Кругом росистое поле… Яркое летнее солнце уже высоко взошло на синем небе; в слепящем глаза блеске его рдеет облачко, словно загораясь и тлея своими тонкими, сквозными краями. В высоте, над росистым полем точно воздушные серебряные колокольчики поют жаворонки. Красным полымем внизу вспыхивает мак, голубыми огоньками кажутся свежие васильки. Сочная трава изумрудным ковром стелется до самой реки, которая тихо, лениво струится в красивых берегах, каждую каплю свою подставляя Божьему свету, в каждой капле отражая солнце.

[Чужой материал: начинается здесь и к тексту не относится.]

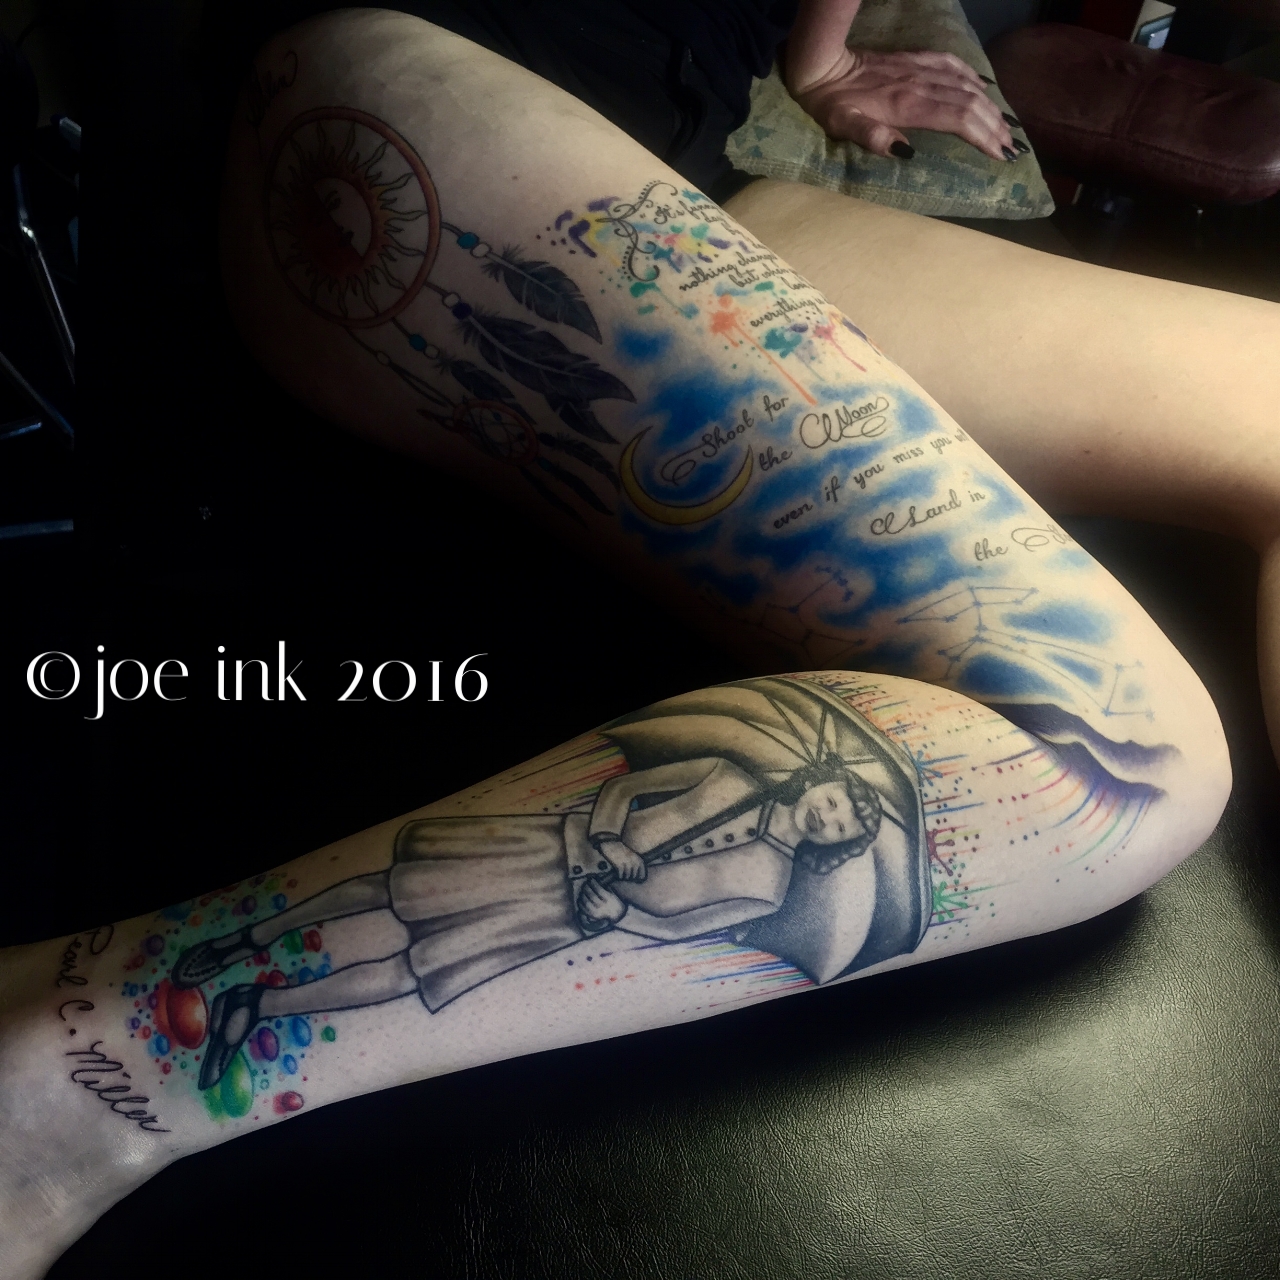 Tattoo's…Piercings…Oh My! – offwiththefairies

Счастливый край былого! Пышно словно зелёные облака круглятся густые вершины садовых деревьев; тысячи цветов раскрывают навстречу свои яркие венчики, тысячи цветов шлют ему свой ароматный привет… Гордые розы точно улыбаются, когда он проходит мимо; белые лилии нежно распускаются в тёплом воздухе, точно они только его ждали, чтобы раскрыться… От тихо колышущихся ветвей ветерок, освежающий и нежный как прикосновение материнской руки, несёт прямо в лицо ему лёгкие лепестки, белый пух только что зацветающей яблони… И идёт он по тенистой аллее, и громко слышна его песня, и уверенно, бодро звучат его шаги по твёрдо убитой дорожке…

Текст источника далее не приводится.